Veda Brings Kraken Vaults to 2,000+ Teams on Privy

Veda will make the vault infrastructure behind Kraken DeFi Earn available to more than 2,000 developer teams on Privy through a new API announced at Proof of Talk 2026.

Veda is making the vault infrastructure that powers Kraken DeFi Earn available to developer teams building on Privy via an API integration announced at Proof of Talk 2026 in Paris.

Privy, acquired by Stripe in June 2025, provides embedded wallet infrastructure to more than 2,000 developer teams and supports over 120 million accounts. Its wallets do not require seed phrases or separate apps.

Until now, Veda reached platforms through one-off integrations with companies including Kraken and EtherFi. Those integrations required months of engineering work.

The Privy API allows developers to call Veda's vault stack directly instead of building a custom connection. At launch, Veda will offer two vaults that use diversified, multi-protocol strategies across leading EVM chains and accept major stablecoins. Developers can set their own fee on top of the yield strategies.

Veda plans to publish specific vault configurations and live yield networks in product documentation at launch. The company intends to add more allocation pathways after general availability, including top lending protocols and support for Solana.
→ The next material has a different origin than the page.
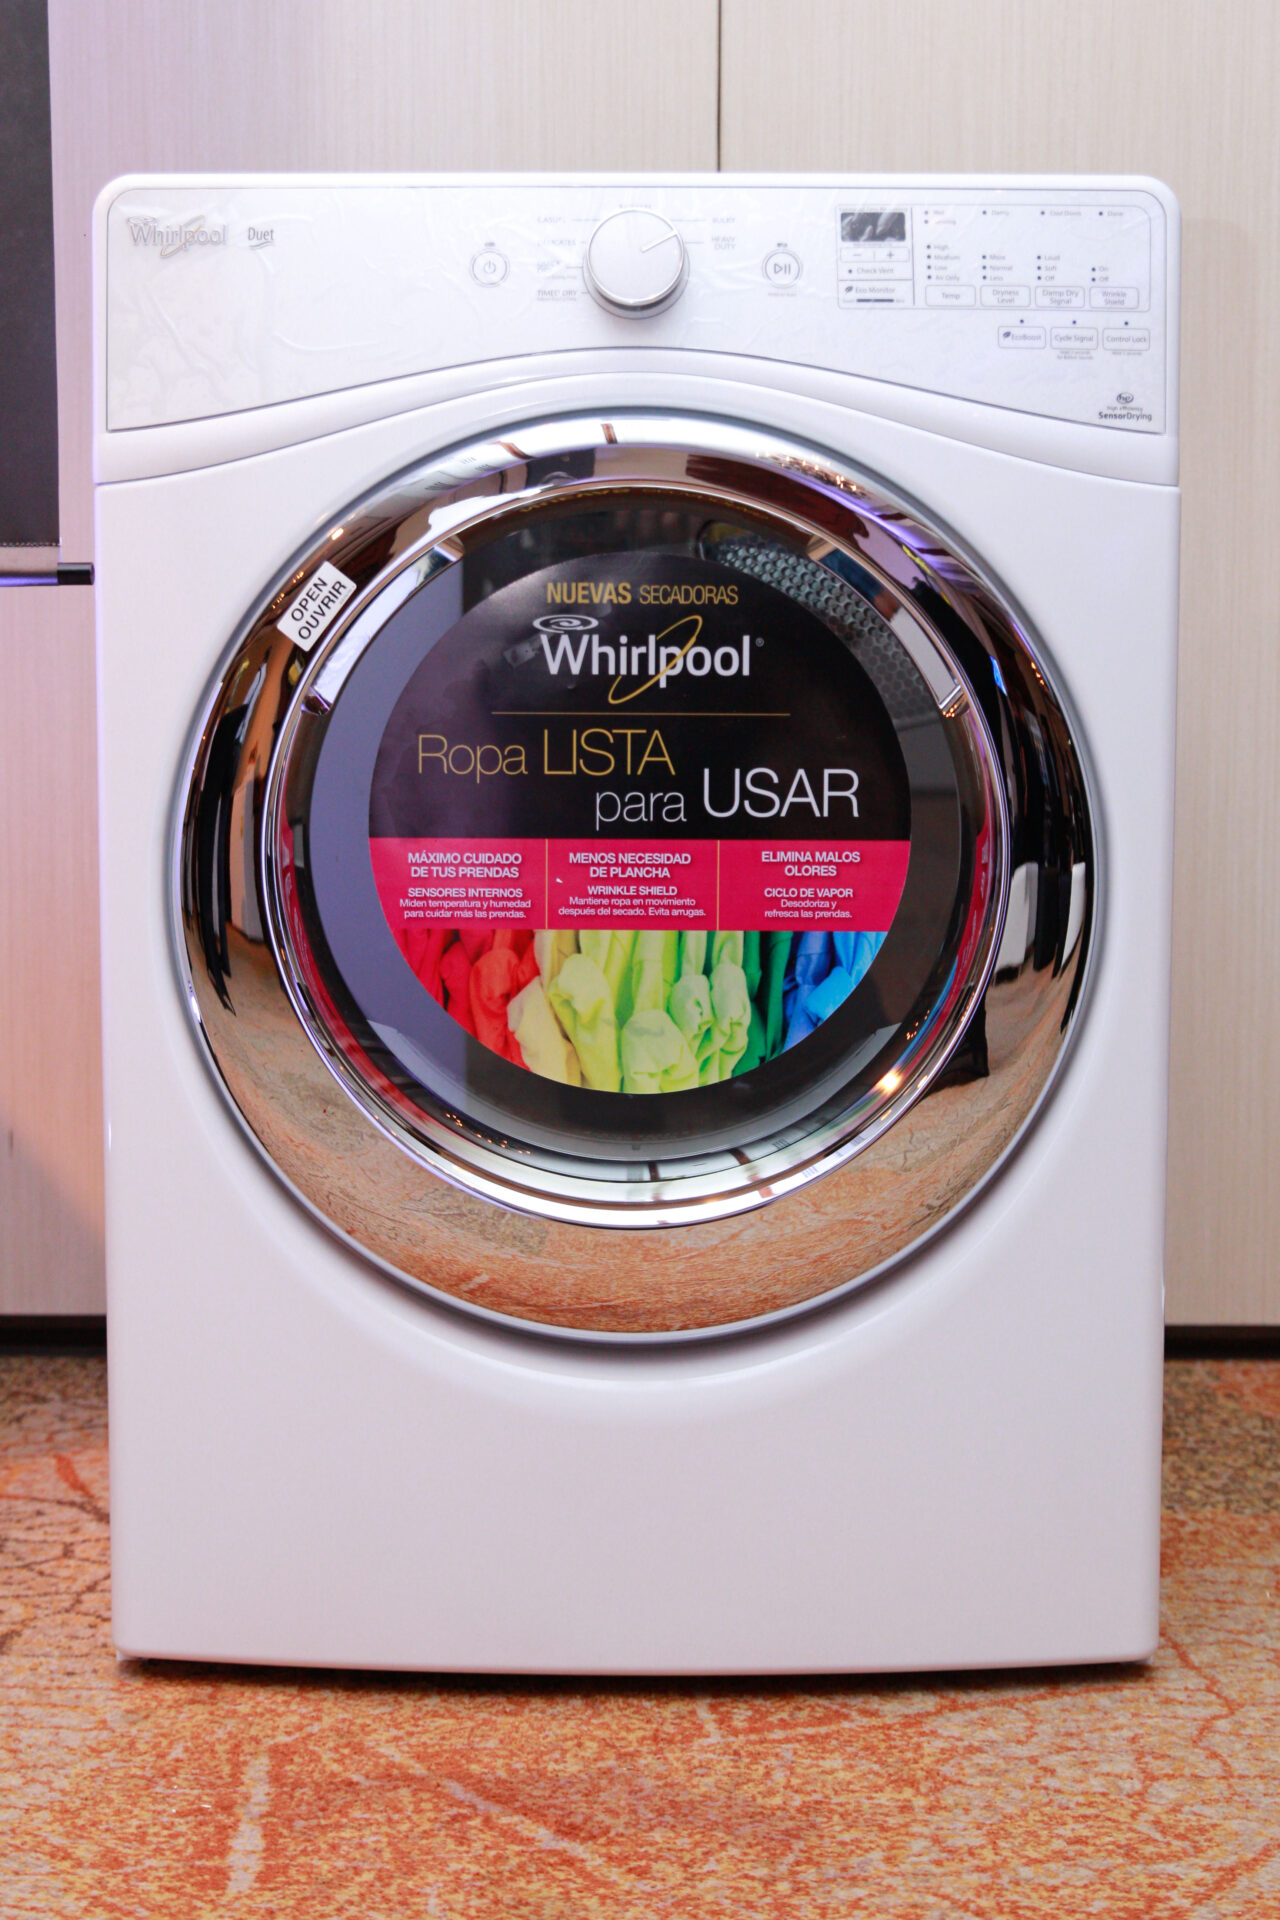 Llega nueva generación en lavandería con tecnología única

Privy and Veda reported stablecoins now make up about 70% of assets in Privy-powered wallets, up from roughly 20% a year earlier. Veda said Kraken DeFi Earn drew more than $250 million in deposits in under four months.

Veda reported it has not experienced a major security incident. The company recently appointed Alberto Cuesta Cañada, co-author of the ERC-4626 vault standard and a former head of security at Optimism, as vice president of onchain security, and named TuongVy Le, former general counsel at Anchorage and a six-year SEC veteran, as general counsel.

Veda offers enterprise controls such as screening for OFAC sanctions, limiting vault access to a whitelist of approved users, and refusing to support products it deems excessively risky or opaque. Raghupathi described security as the company's top priority and noted the team has worked through stablecoin depegs, protocol exploits and liquidity crunches.

Raghupathi added that clearer rules would help the vault category and that some product types would not be supported. He said mainstream users are likely to access decentralized finance services through apps they already use rather than by interacting directly with blockchains.

Privy CEO Henri Stern said the integration expands what developers on the platform can build and that access to Veda's vault infrastructure through Privy's APIs lets teams offer yield products previously available only to large crypto platforms.

Access to the integration is currently by waitlist. Veda and Privy plan general availability next month.